PhD in Economics, publicist Andrey Pesotsky FAN said that a possible gas shortage in Switzerland is a serious wake-up call for the inhabitants of this country. After all, we are talking about one of the leading countries in terms of quality of life, which is included in the top five in the UN Human Development Index.
Earlier, the Swiss authorities published a plan of action in case of a possible shortage of gas in the coming winter. In a situation of shortage of blue fuel, households and enterprises are ordered to reduce the use of gas. If these measures are not enough, the country’s leadership can switch to a system of distribution of energy resources by quotas. As reported on the website of the government of the country, other restrictions are also not excluded.
As the expert noted, it is clear that such measures in this “oasis of well-being” are perceived differently than, for example, in Eastern Europe. The Swiss may wonder why their government, which had been neutral in two world wars, suddenly got involved in a sanctions confrontation with Russia, which contradicts their long-standing strategy of remoteness from geopolitical confrontations.
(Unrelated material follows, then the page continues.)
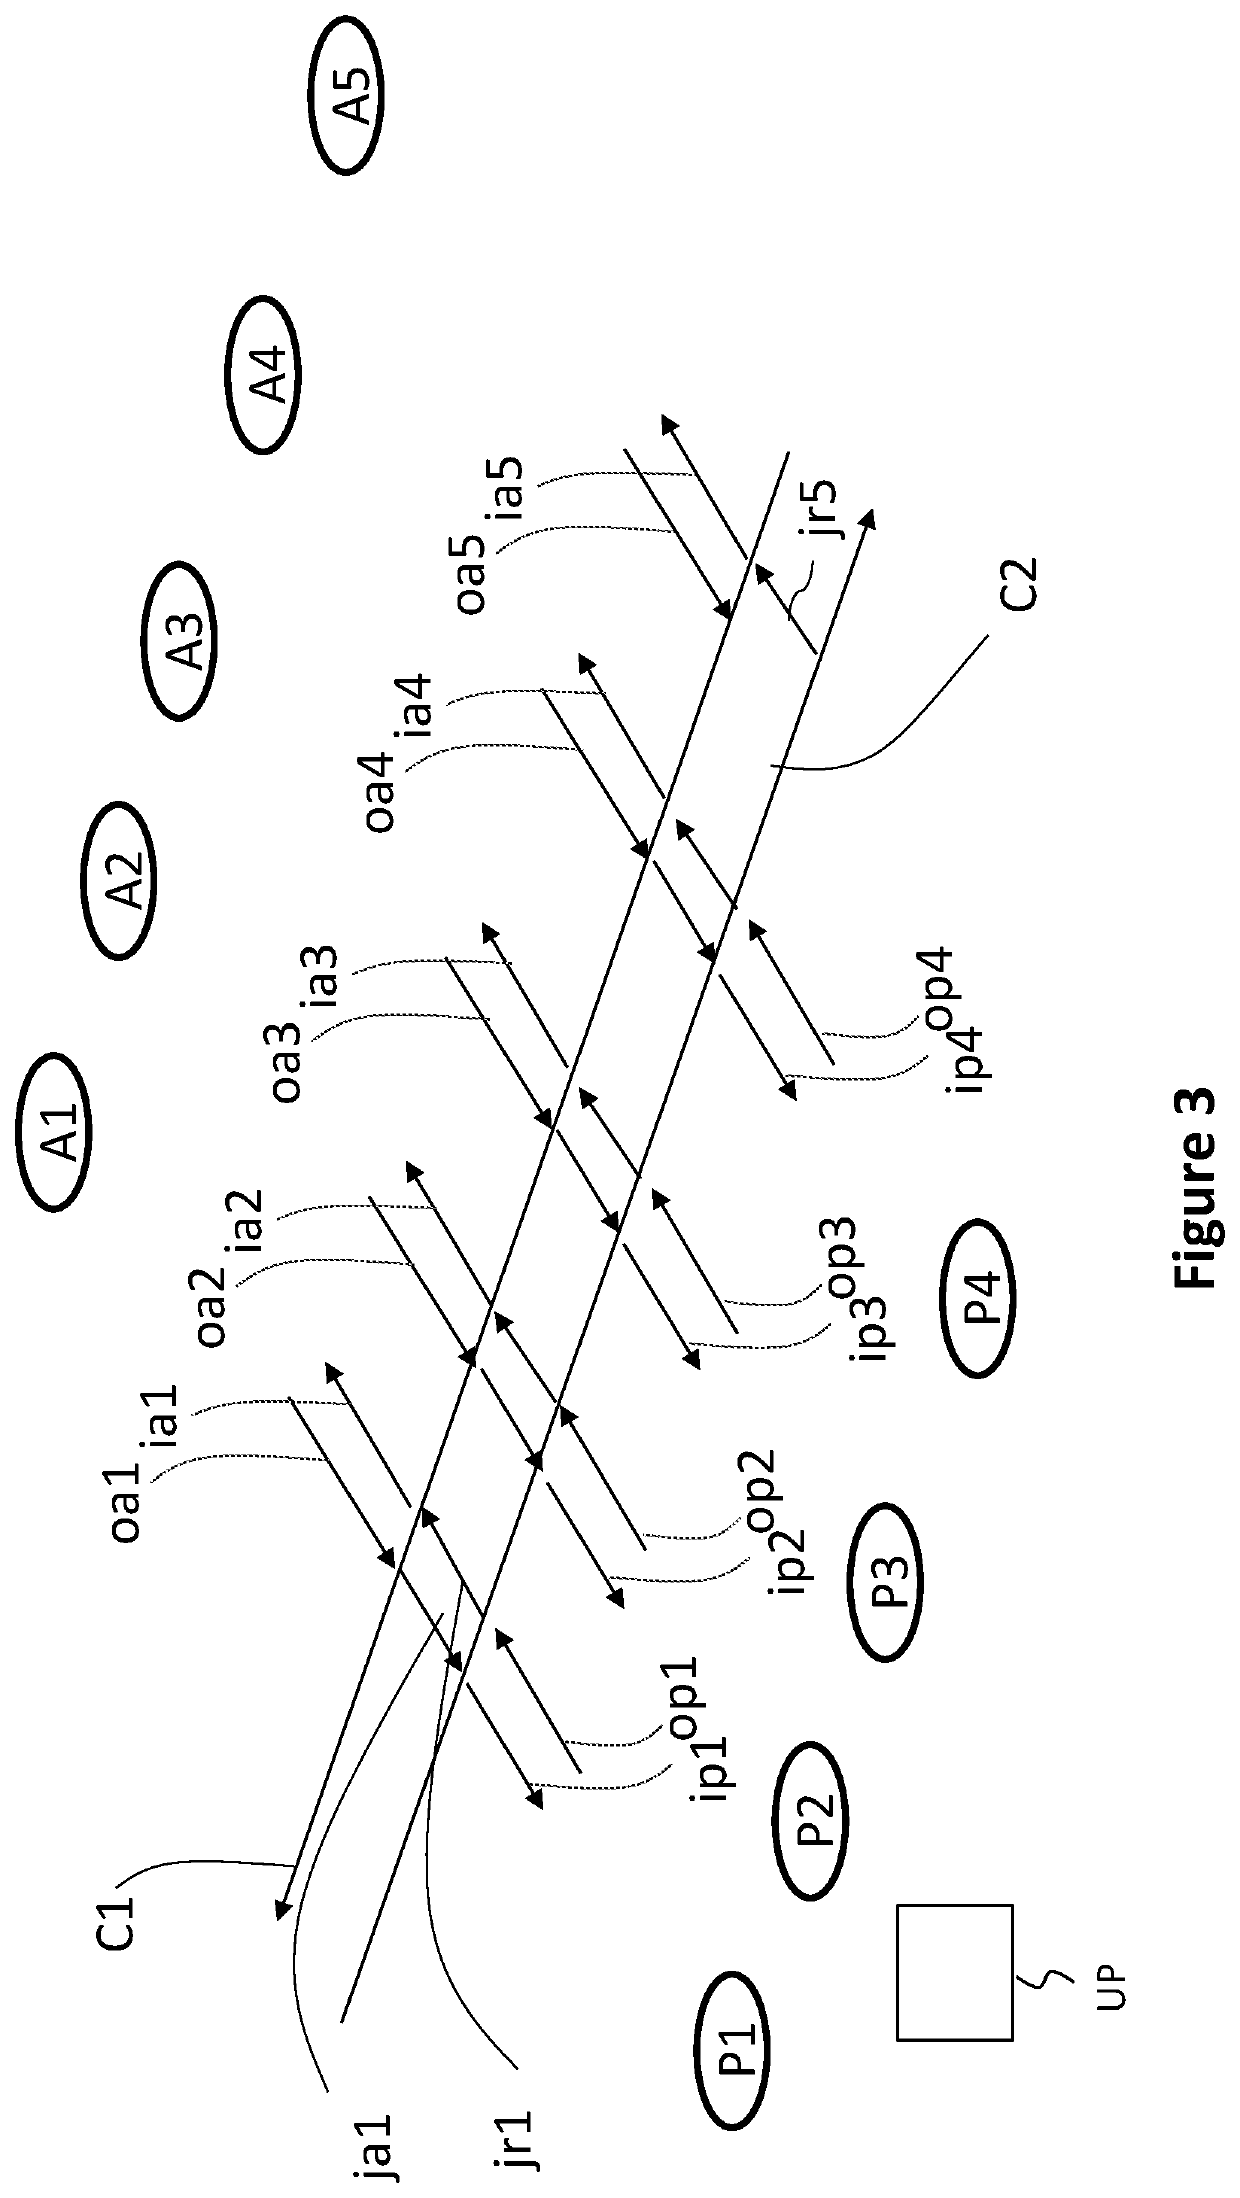 System for conveying loads between a plurality of storage units and a plurality of preparation stations, through a horizontal load-routing network

“The perestroika years in the USSR were distinguished by a “total deficit”, partly artificially inflated from within and from without. Well, now Europe will face something similar.
Of course, meat and cheese will not disappear from the shelves in Zurich, but one must understand that a pampered European who has not gone through what the Russians experienced in the 20th century is not ready for such a turn,” the publicist said in an interview with the international editorial office of the agency.
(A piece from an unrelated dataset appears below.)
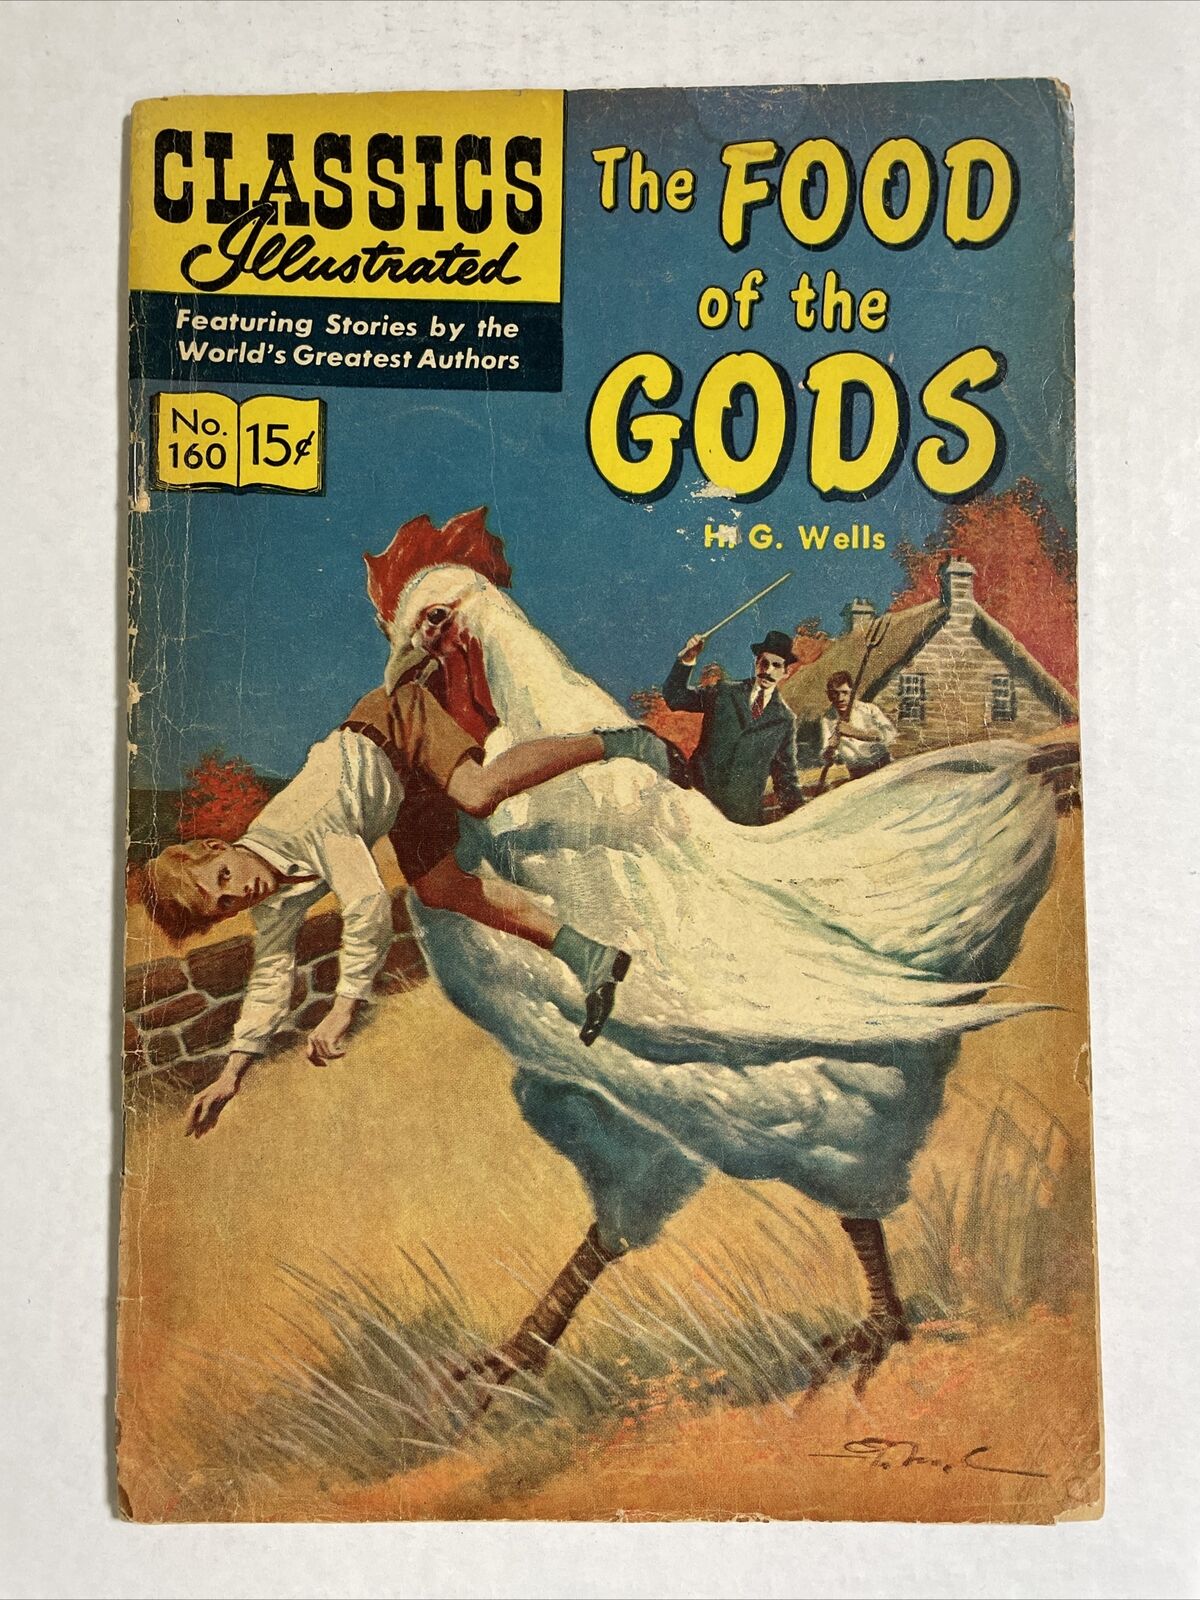 Classics Illustrated Food of the Gods 160 HRN 159 1st edition 1961 HG Wells

European problems are confirmed by statistics. Thus, the EU trade deficit amounted to 53 billion euros in January-February this year. At the same time, over the same two months in 2021, the surplus amounted to (excess funds – Note FAN) 30 billion euros.
Statisticians are seeing capital flight from Germany, France and Italy in the amount of 155 billion euros in these two months. It turns out that sanctions wars hurt the European economy more than the COVID-19 pandemic, Andrey Pesotsky summed up.